=== COLLECTED MATERIAL ===
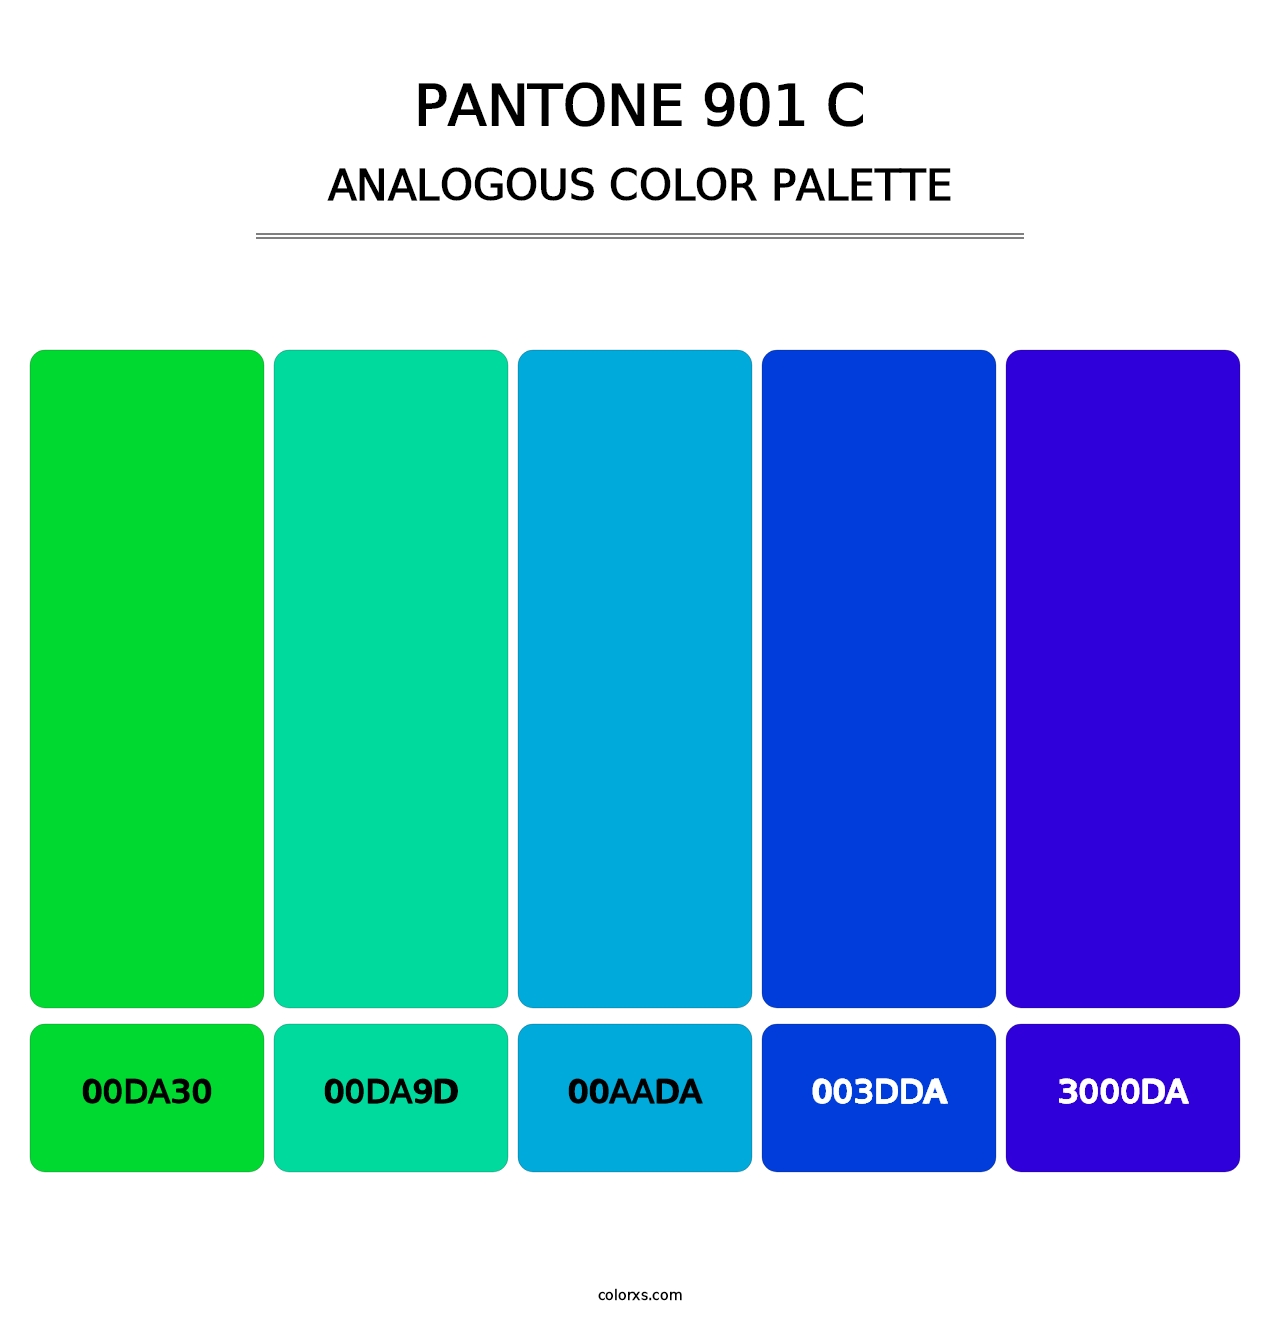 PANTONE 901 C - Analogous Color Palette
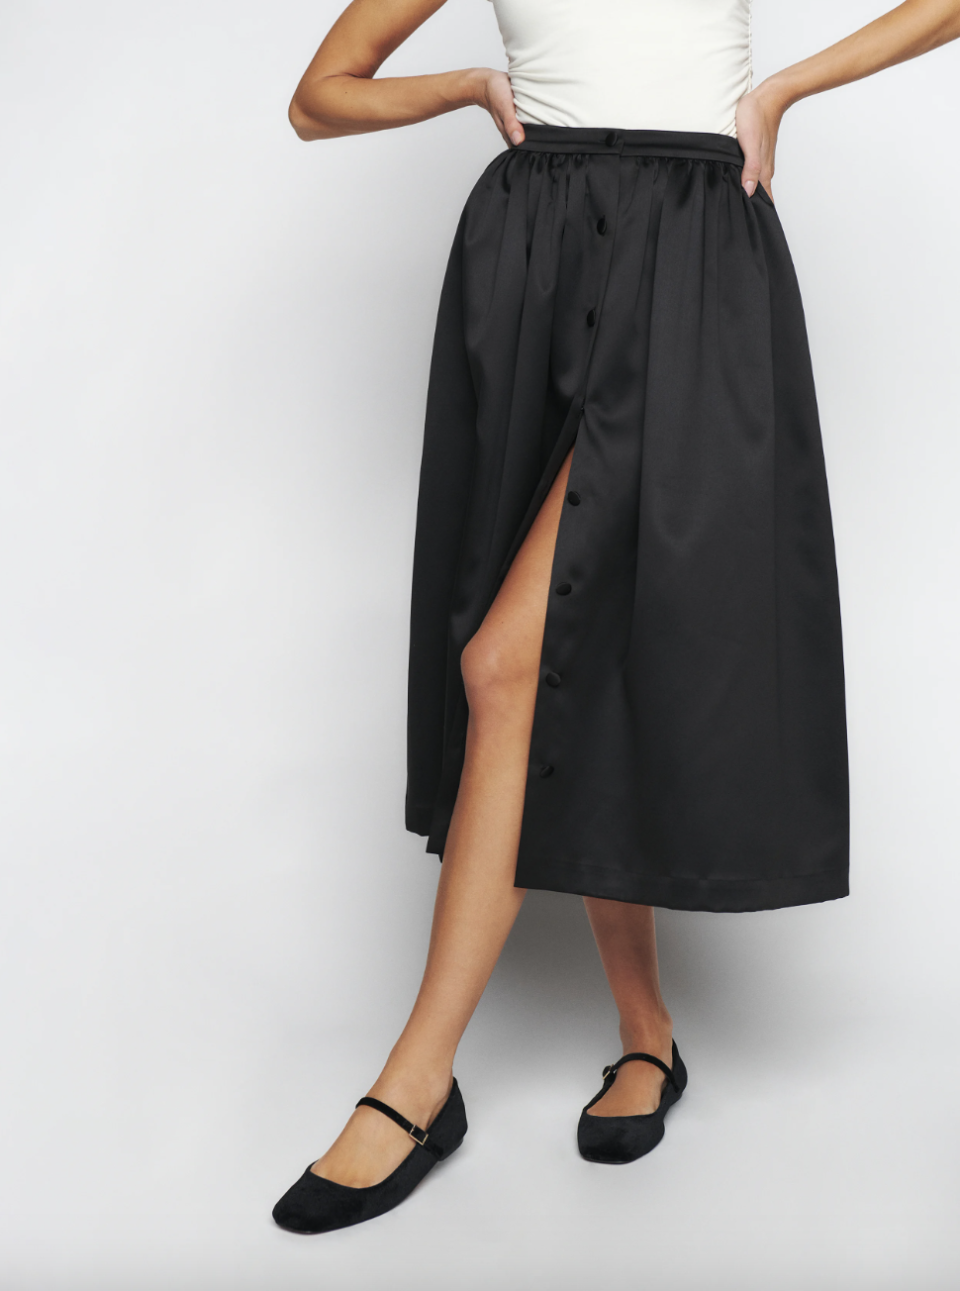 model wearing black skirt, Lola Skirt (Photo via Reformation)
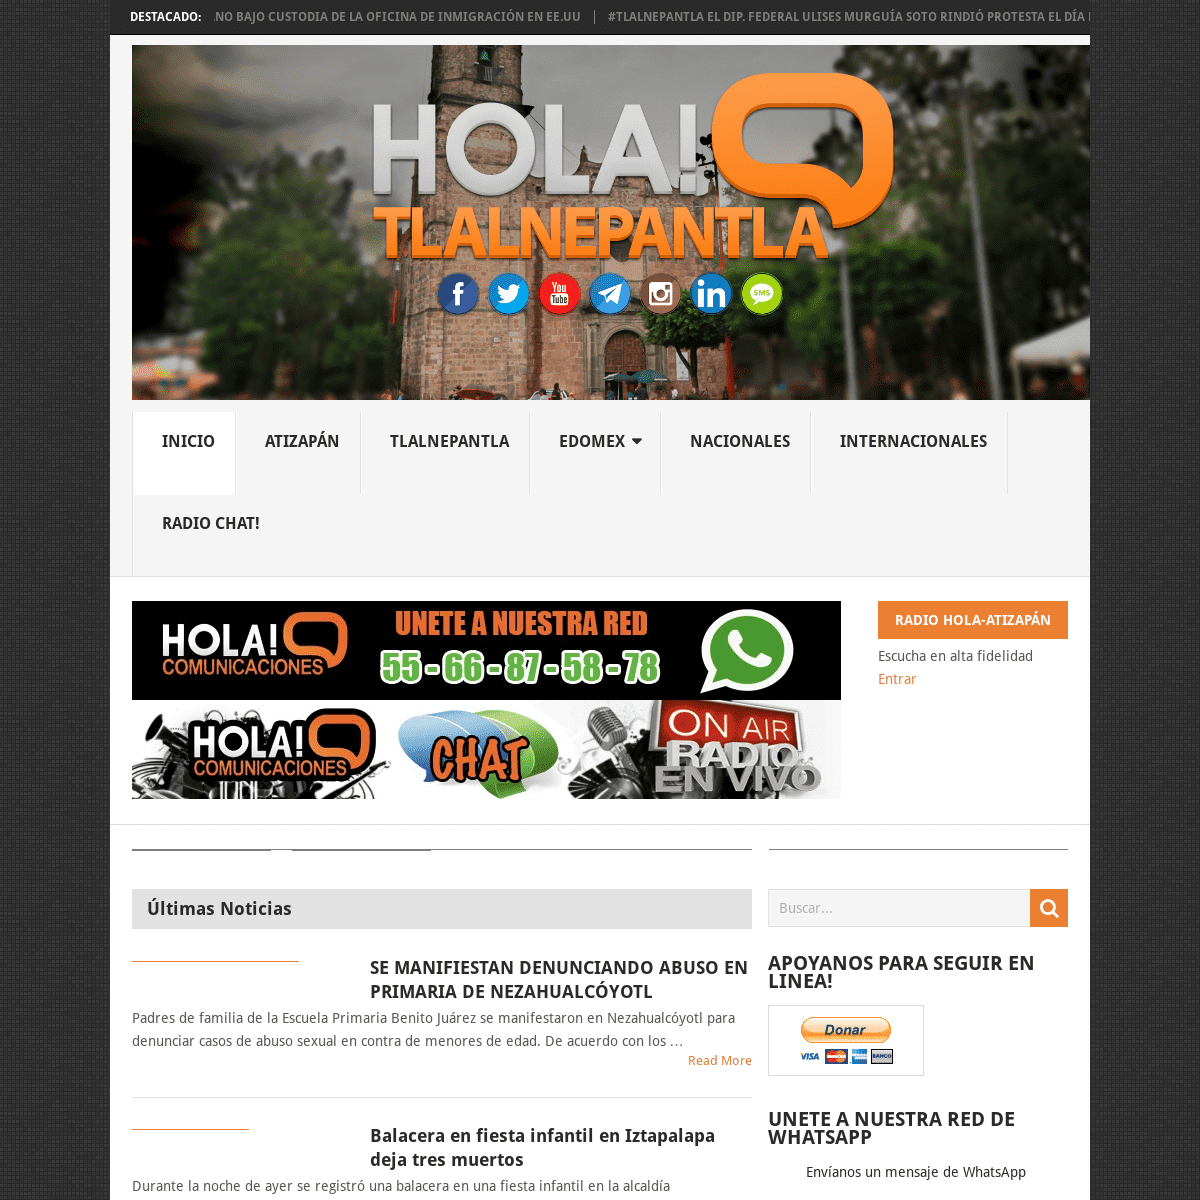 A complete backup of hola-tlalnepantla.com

=== GOAL OF THE EXERCISE ===
Copy the data word for word, no pictures.

=== RESPONSE FOR THIS EXERCISE ===
 PANTONE 901 C - Analogous Color Palette
 model wearing black skirt, Lola Skirt (Photo via Reformation)
 A complete backup of hola-tlalnepantla.com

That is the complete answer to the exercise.